Annotation Platform

A simple use case for the PhiTag annotation platform is a recent research project at the Institute for Natural Language Processing at the University of Stuttgart. Researchers wanted to find words changing their meaning between two text corpora. Hence, they sampled a number of sentences per word from the two corpora and combined them into pairs like this one:

Sentence 1 Sentence 2
He continued to grasp, between forefinger and thumb, the edge of the cloth I had been sewing. For just a moment he didn't grasp the import of what the old man had said.

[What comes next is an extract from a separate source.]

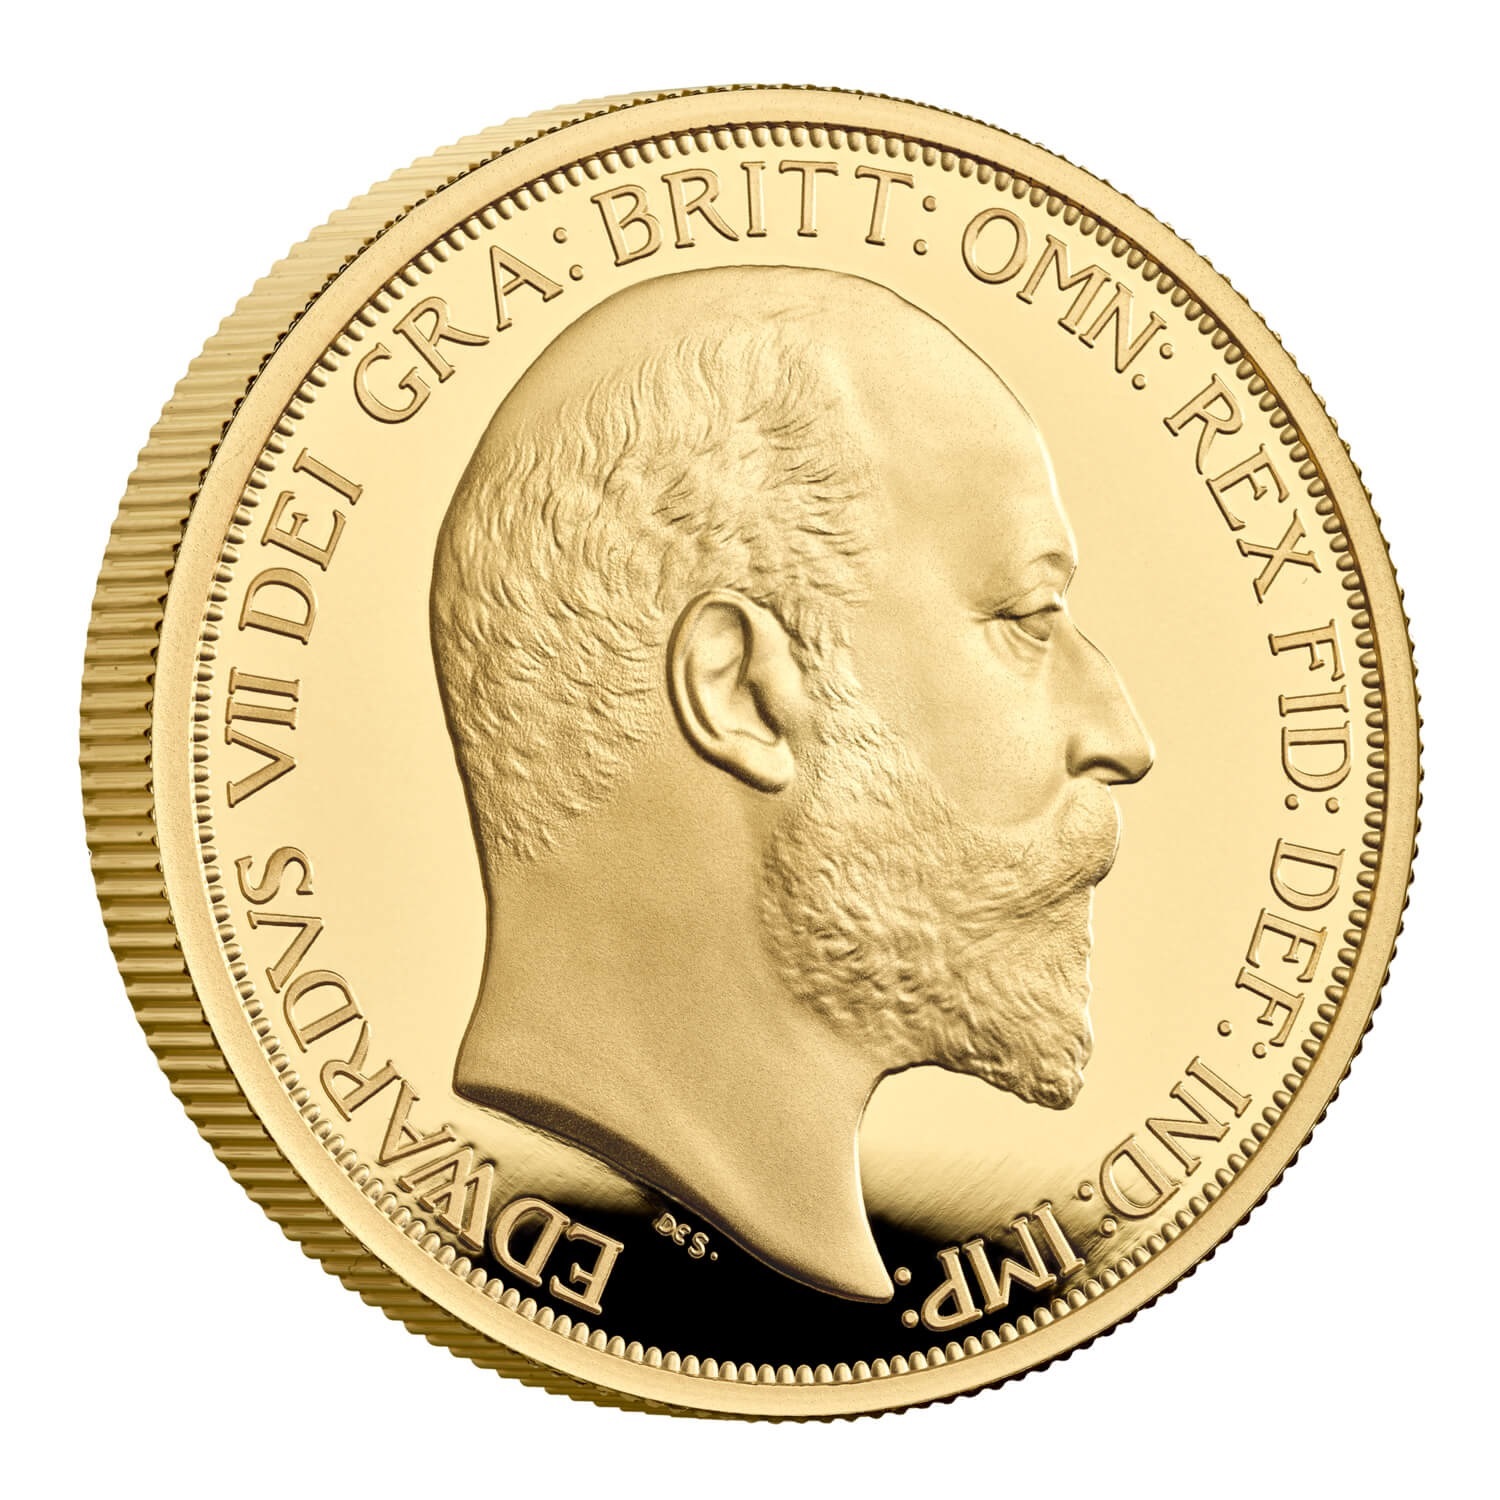 (W185.100.P.2022.UK22E7G1O) 100 Pounds UK 2022 1 oz Proof gold - King Edward VII Reverse (zoom)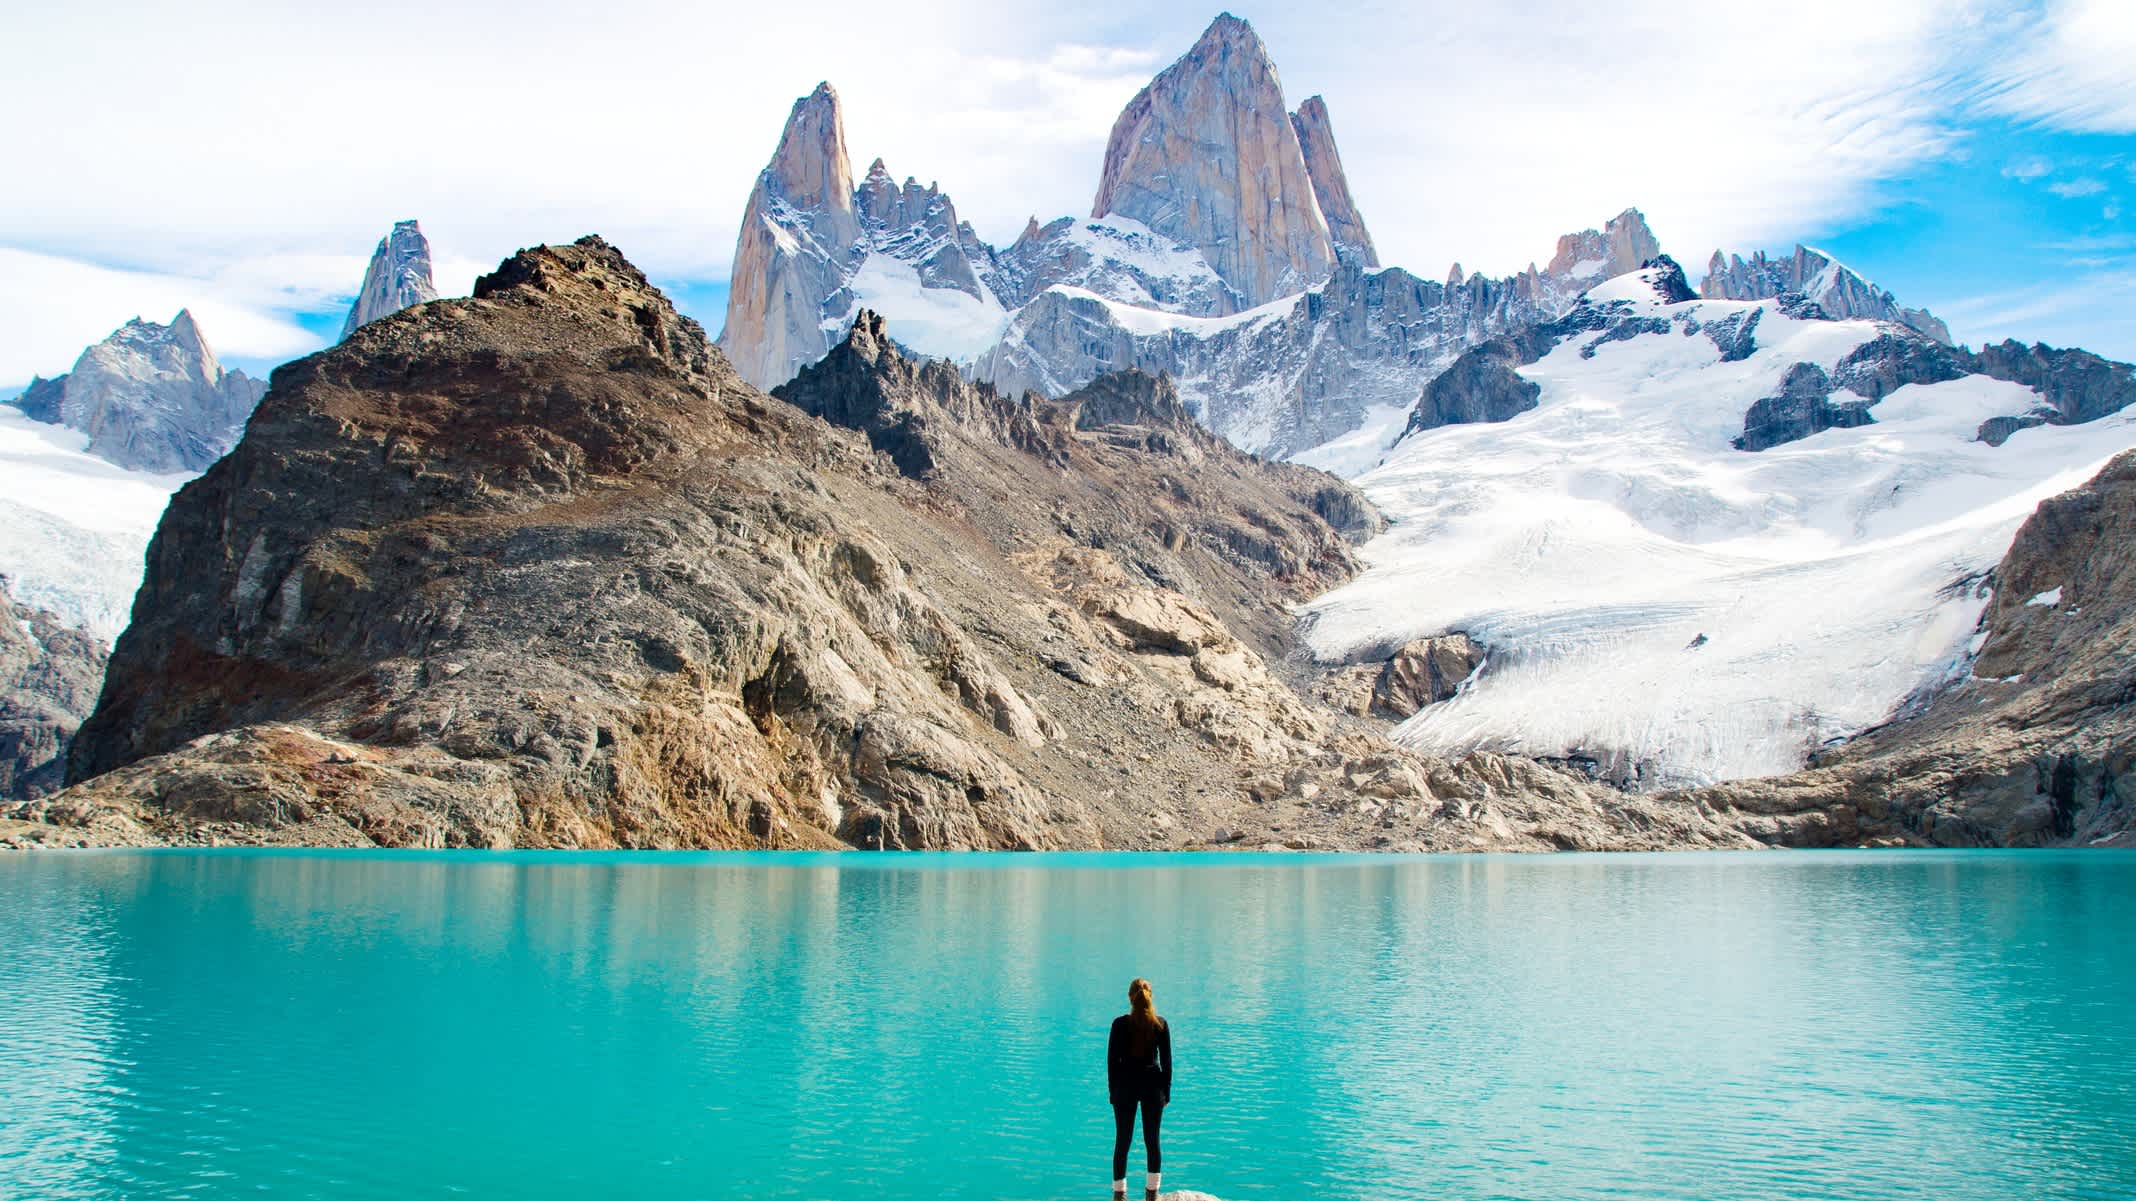 Personne devant de l'eau et des montagnes en Patagonie, Chili.

The sentences and the combined pairs were then uploaded to the system and annotators had to choose a label from 1 (different meaning) to 4 (same meaning) deciding how related the pairs were. From the average relatedness value overall annotations, researchers could then estimate how much the word had changed. Simple, but effective!

Annotation Service

A typical use case for our annotation service is human text data labeling for model optimization. Automatic language processing models (sometimes called AIs) are used in many industry workflows or products. Such models profit from careful training and optimization on human-labeled ("gold") data. The most impressive example is OpenAI's ChatGPT whose success is attributed in large parts to optimization on human-labeled data (see this article for more information). Future successes of automatic language processing models are highly likely to involve training on human-labeled data. For this reason, PhiTag focuses on the standardization and optimization of human annotation processes to provide high-quality labeled data.